The News
Saturday 02 of November 2024

Feeling The Pinch


Border Patrol agent Eduardo Olmos crosses the secondary wall separating Tijuana, Mexico and San Diego, California, June 22, 2016,photo: AP/Gregory Bull, File
Border Patrol agent Eduardo Olmos crosses the secondary wall separating Tijuana, Mexico and San Diego, California, June 22, 2016,photo: AP/Gregory Bull, File
The Mexican government has yet to come up with a solution to enhance well-paid employment

Politicians will do anything for public attention. About the only hurdle they have to jump are having a cause or … a wall.

On Wednesday, Queretaro State Deputy Braulio Guerra put on a press show at the Tijuana border showing how easy it is to climb the wall nowadays separating Tijuana from San Diego County.

“You just climb and you’re on the other side scot free” he told reporters. Well, not so easy but then Deputy Guerra is no “pollo” trying to make it into California, but he was trying to make a point as to how easy it is to climb a containing wall even if on the other side the “Migra” (Border Patrol) is waiting to haul and book you and send you back to Tijuana for a new try.

Surely Deputy Guerra was making a point against the continuation of the construction of a wall along the Mexico-U.S. border and the uselessness of physical borders.

Yet what Deputy Guerra is not saying is that the current undergoing raids on undocumented immigrants is making the Mexican government feel the pinch on just how to go about “welcoming” the deportees.

Showman Deputy Guerra of the Institutional Revolutionary Party (PRI) would, at first glance, not seem to have anything to do with jumping the fence in Tijuana.

But then, his home state of Queretaro — closer to Mexico City than to San Diego — along with other surrounding states — Guanajuato and Michoacán — are beginning to feel the pinch. The returnees are the same people who had to leave these states due to lack of opportunity to make a decent living to support their families.

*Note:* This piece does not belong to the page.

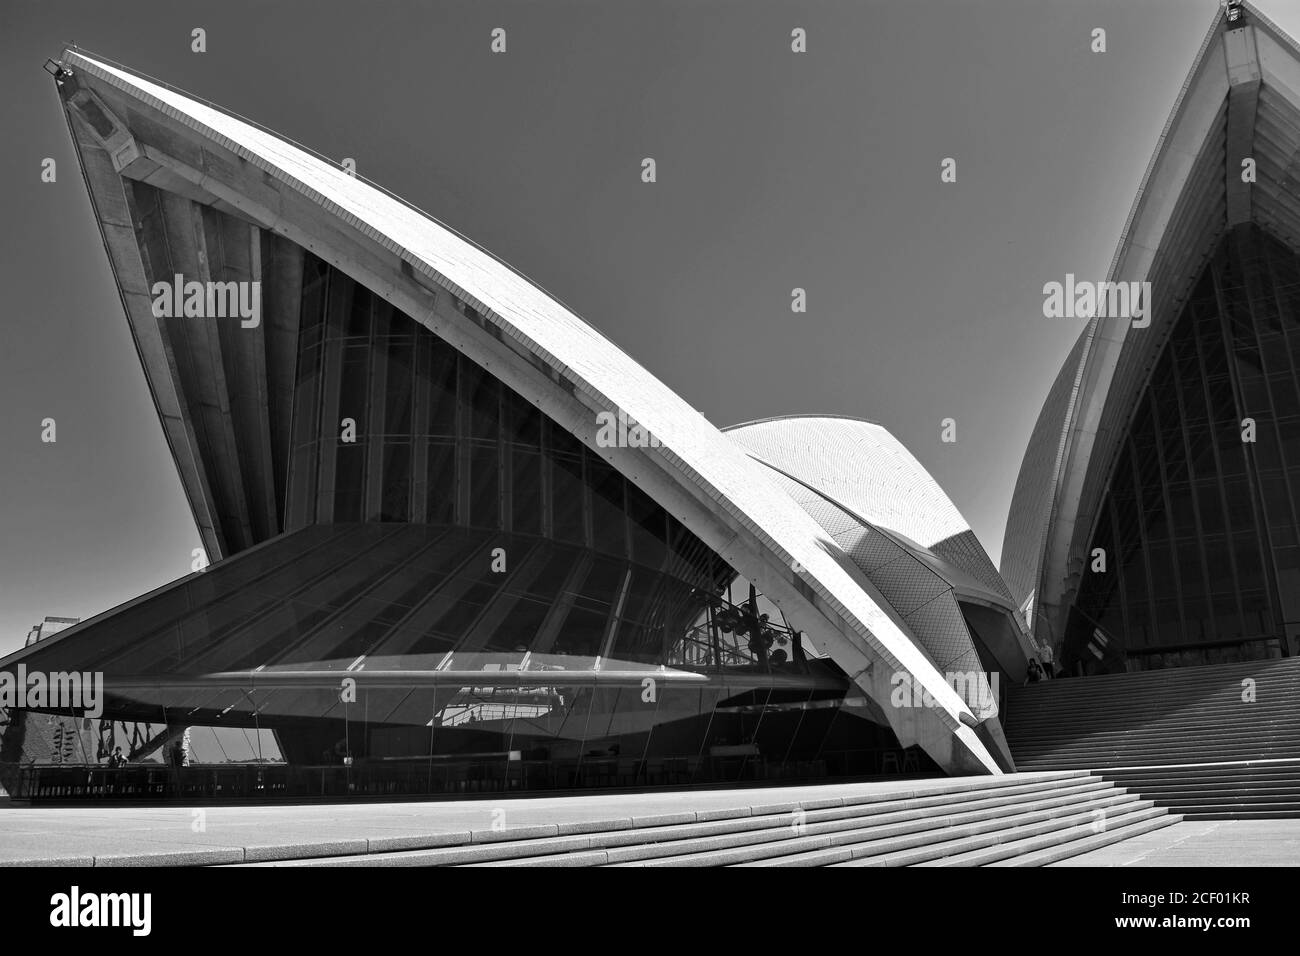 Un'immagine astratta in bianco e nero della Sydney Opera House. Gli angoli della linea del tetto e dell'architettura in vetro si innalzano contro un cielo grigio chiaro. Australia Foto Stock

Deputy Guerra’s antics in getting photographed on top of the “wall” built along the TJ border obviously, and shamefully, is a grab for attention. In his showmanship Guerra may blame the wall and the future construction of Donald Trump’s “muro” along the border, but like the President Peña Nieto administration, has no visible answer to the plea of returnees.

They left because there were no good-paying jobs in Mexico, and after a taste of American honey, they are back, facing the same economic situation which kicked them out of the country.

One couldn’t agree more with Deputy Guerra’s clownmanship that “walls are easy to jump,” but going north is no longer the answer to the corruption imbedded problems the Mexican government is facing.

Or for that matter, creating quick lunch programs “to protect” the large amount of deportees that are coming home not just culturally misplaced (home is not what it used to be), but once again joining the ranks of the unemployed is also not the answer.

The nation is feeling the pinch of the deportations and demagoguery, such as having a Queretaro deputy show us how easy it is to jump a border wall is not an answer to the plea of throngs of individuals returning home without options to remake their financial lives in the land where their mothers (and fathers, if you can find them) that saw them come to life.

Beyond Donald Trump and his anti-Mexican antics, the Mexican government has yet to come up with a solution to enhance well-paid employment.

That’s a lot tougher than putting on a show to protest against a wall which, unfriendly as it is, was provoked by decades of corrupt governance that’s made a few politicos (Braulio Guerra included) rich and left behind a 55 percent of the Mexican population in poverty.

That’s the real wall Mexican politicians have to jump, and it is not located along the northern border.